I do want to update that I just tried plugging the dock into an outlet on a different breaker circuit and the static has completely vanished. So it is in fact a ground loop issue. I’ll move forward with the HUM X and update if this topic isn’t closed before then.

Thank you for your help in solving this issue, Joshua.

Just checking in to see if the HUM X worked out for you? If it’s not arrived yet no worries.

Thanks and best wishes,

Hey Joshua, I wanted to do a bit of testing of different solutions before I responded.

Turns out, it was definitely a ground loop problem with the DisplayLink 4K Hub pumping unwanted noise into the wires. I tried the Ebtech HUM-X and Pyle PHE-400 Mini HUM Eliminator and both solutions removed 100% of the static interference.

For the HUM-X, I purchased 2 units, one for each of my KRK monitor speakers. Everything is living on the same surge protector and no additional wires were added to my setup. A super clean and easy fix that still allows safe grounding of the speakers while eliminating any ground loop static.

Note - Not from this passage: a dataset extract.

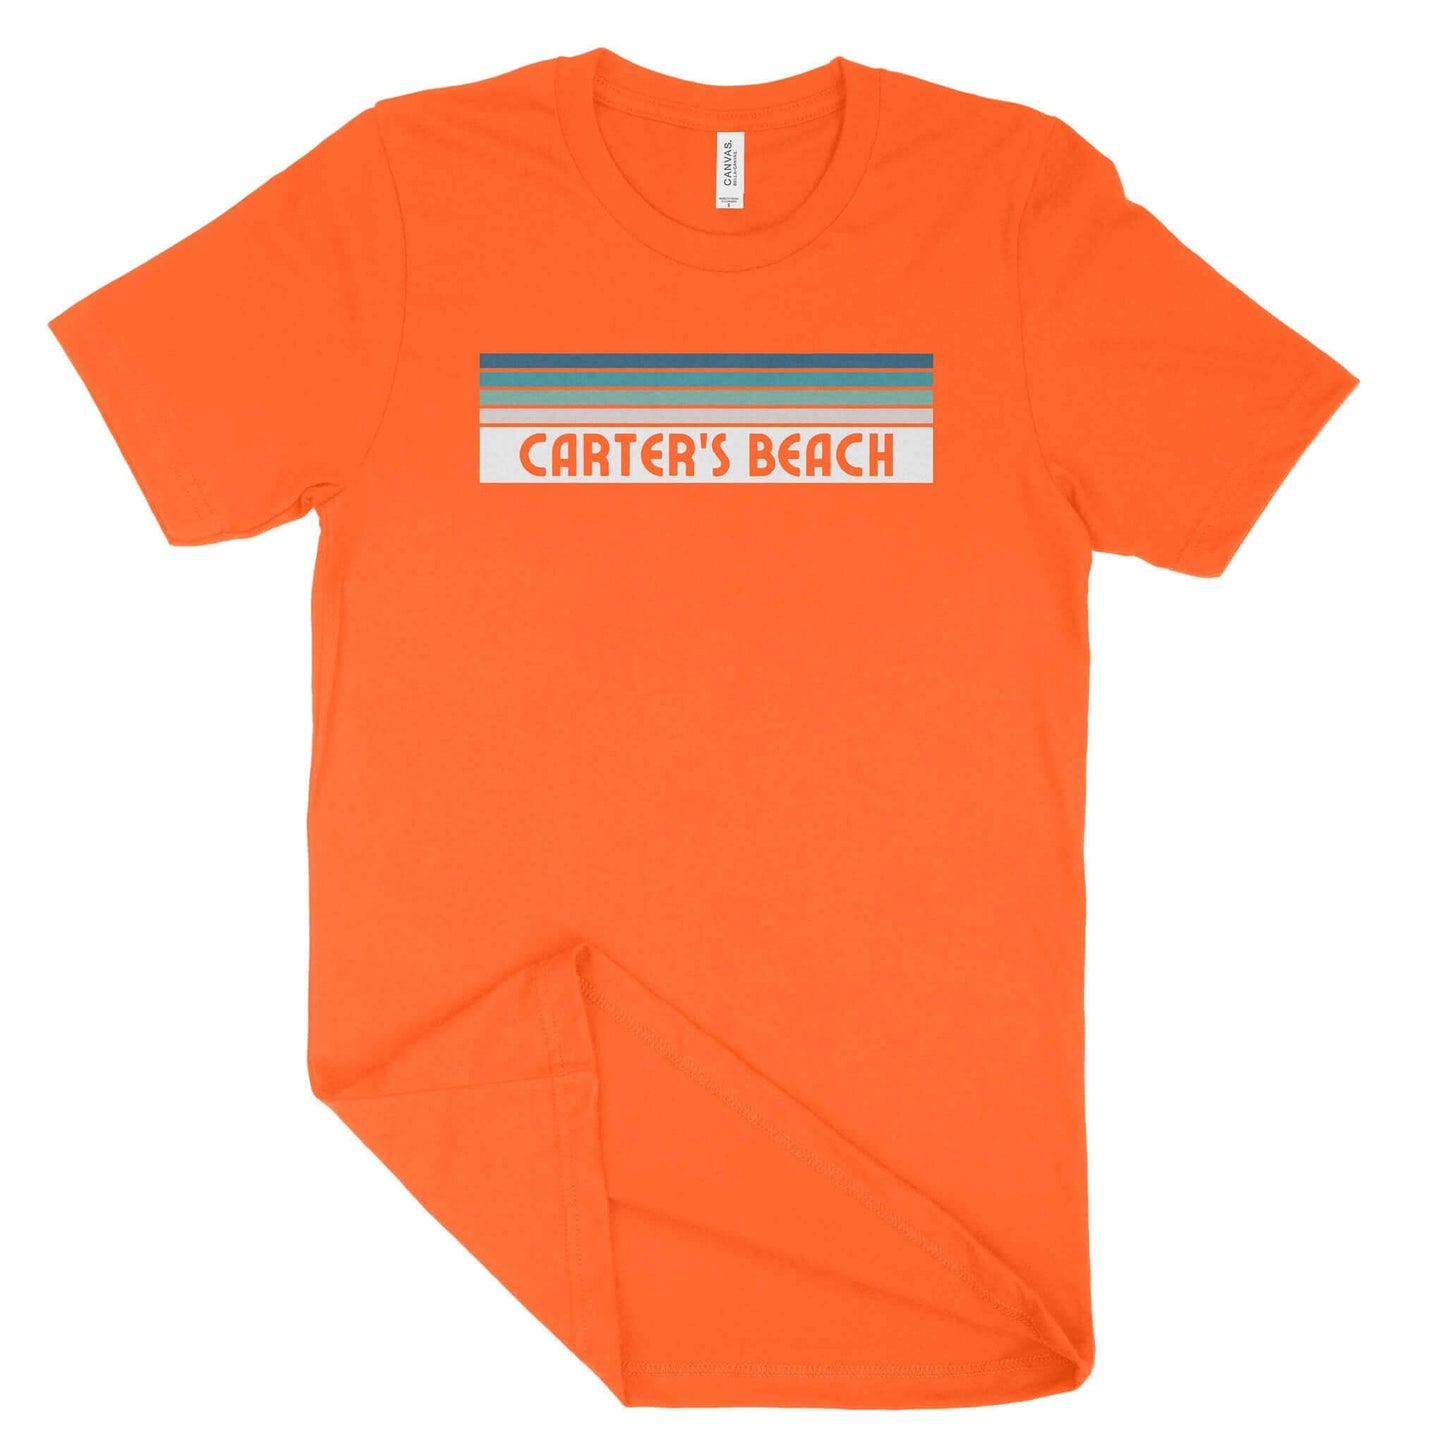 Carter's Beach Unisex T-Shirt-East Coast AF Apparel

I also tried the Pyle PHE-400 Mini Hum Eliminator. I plugged the TRS cables from my monitor speakers into Channel 1 and 2 OUT, and purchased an additional shorter set of balanced TRS cables for the Channel 1 and 2 IN to my Apollo Solo DAC. Though this solution was a BIT cheaper (about half the price including new cables), it added a TON of additional cable rat nesting to my already wire-ladened work station.

Either method should work great for this type of issue. I’m happy with both results, but definitely prefer the cleaner solution of the HUM-X. I also have this set up with a Razer Chroma eGPU and it is the same solution it needed.

I really hope this topic helps anyone in the future experiencing this same craze-inducing static issue with hubs and eGPUs.

  • Rich
1 Like

That’s fabulous news! Thanks for sharing your solutions and testing performed. It’s most appreciated, and I’m sure others who encounter this issue will find the information useful if not comfortable with the ground lift/cheater plug method as originally suggested.